Doug fir should take the same color stain and come close.
You'll want to seal the Doug fir first w/a wash coat of Zinsser Seal Coat.
I'd suggest one part Seal Coat to two parts denatured alcohol.

Here's an after and before of the last one I did.
~ 60 year old neglected red oak floor.
Sanded - stained (no sealer for the red oak) - a coat of Seal Coat to "lock in" the oil, sanded, vac'ed & tack ragged, another coat of Seal Coat in case I sanded through anywhere, sanded, vac'ed and tack ragged, first coat of Water based floor poly, sanded, vac'ed (no tack rag for this step and the rest of the water poly), 2nd coat of ploy, sanded, vac'ed, 3rd coat of poly, sanded, vac'ed, 4th coat of poly.

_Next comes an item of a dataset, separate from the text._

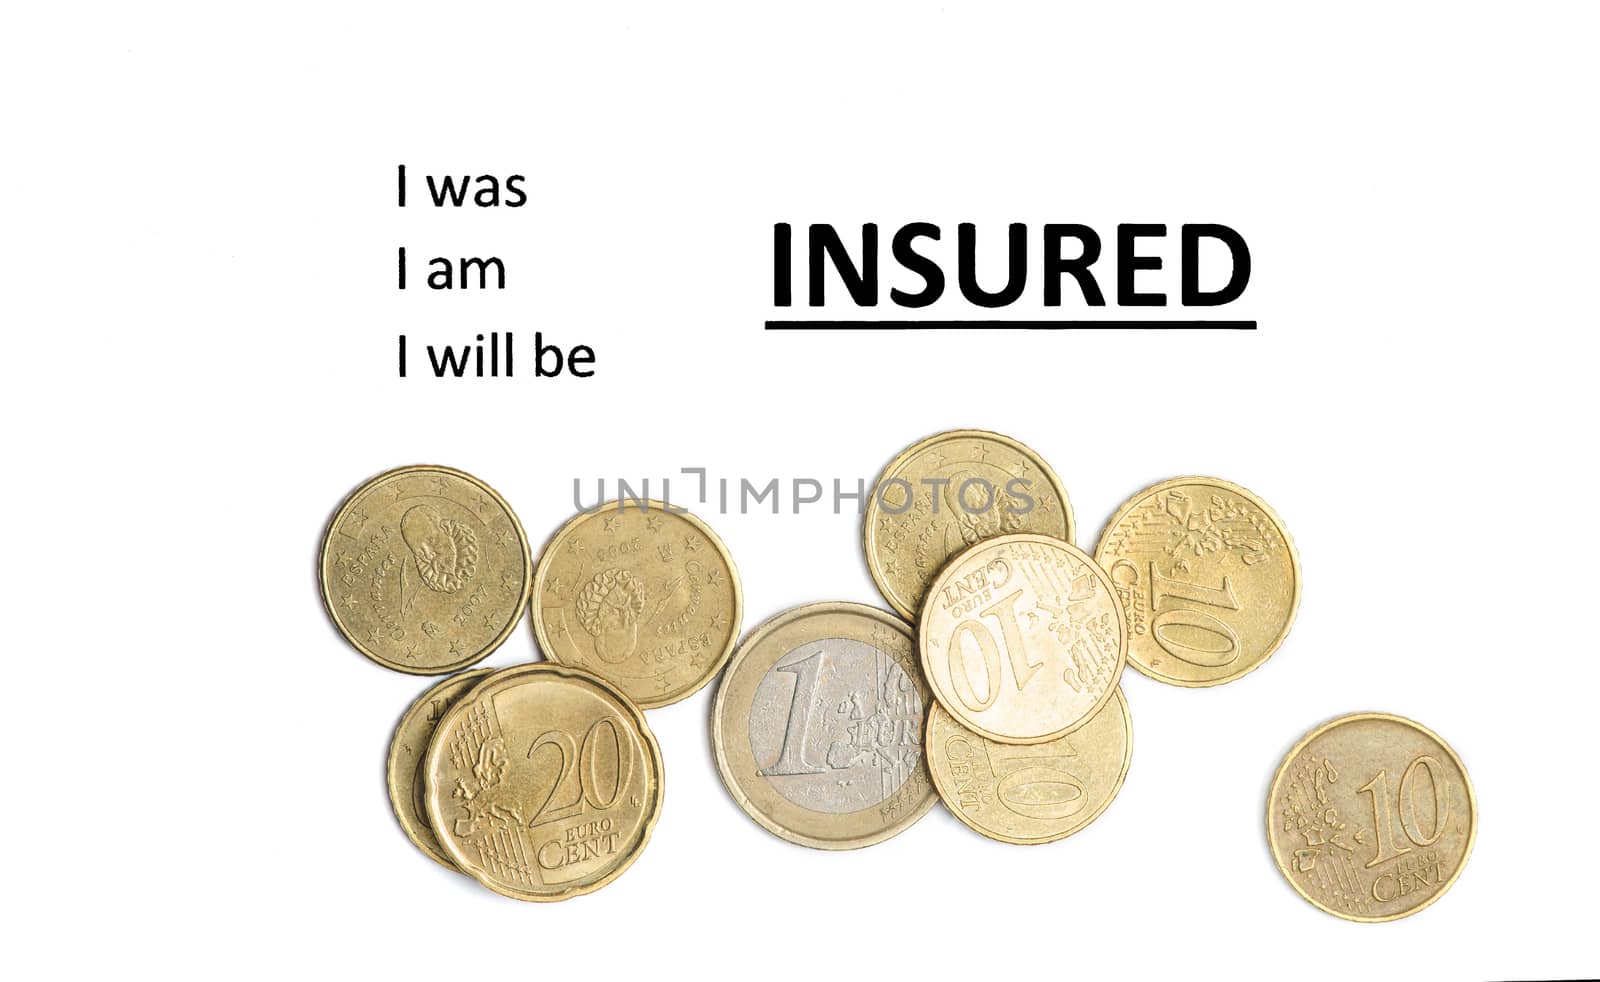 Insurance concept by richpav
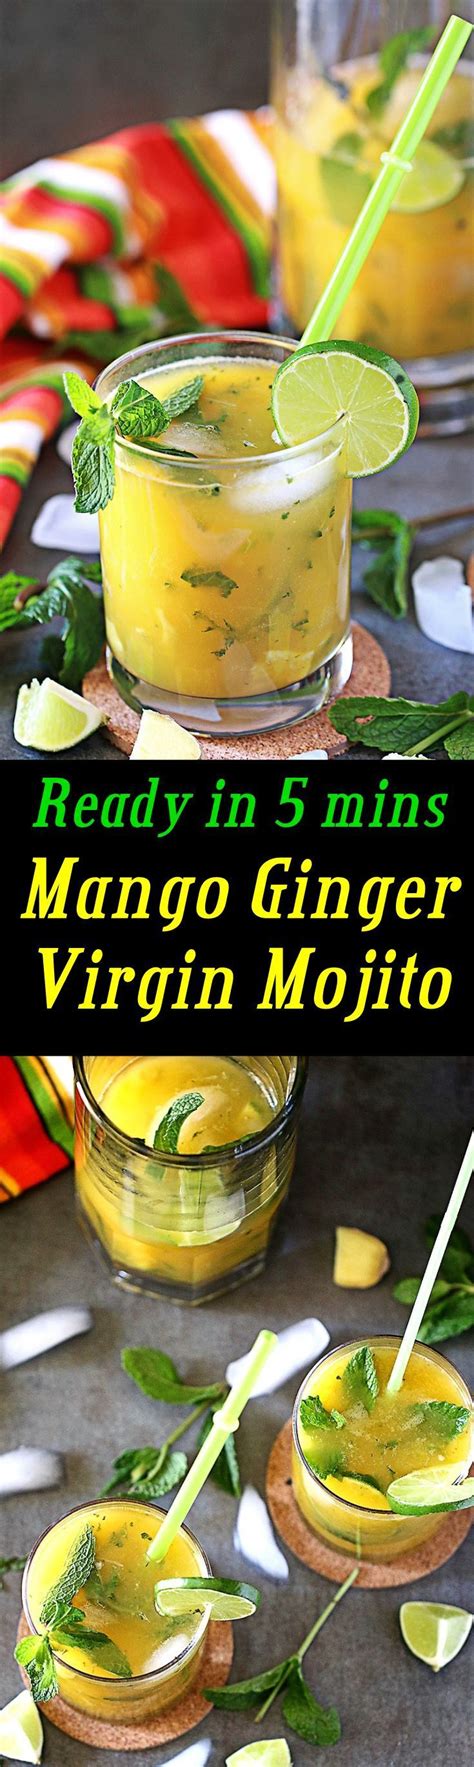 This Mango Ginger Virgin Mojito Is The Perfect Combination Of Mint

Dry time between coats of floor poly was no less than 6 and no more than 12.
Pick your product very carefully here. I was in a time crunch and had to put the poly on mid week.
Sanding floors on your hand and knees @ 3:00am - after working the entire day before and getting ~ 3 hours sleep,,,,and knowing that once you finish putting on the poly, you'll have to rush to get ready for work at 8:00 - is a killer.

188521.188520

Floors aren't at all tough to do. It's the sheer size of the undertaking that's intimidating.
Just keep the basics in mind. Sand light & always with the grain. I sanded the first coat of Seal Coat by hand using a drywall sander and 220A. The U-Sand (pictured) left some very slight swirls. The hand sanding got them out.
I used a ROS for the second coat.

Follow the dry times on the containers of the materials you use - to -the - letter.

One last tip..see the yellow extension pole? Don't cut corners on an extension pole. Get a decent one.

Neal Clayton
03-27-2011, 11:11 PM
amber shellac will give you that look right outta the can.

put a varnish on top if you want something tougher.

one coat of clear, one/two coats of amber til you get the shade of red you want, then your varnish on top and you're done.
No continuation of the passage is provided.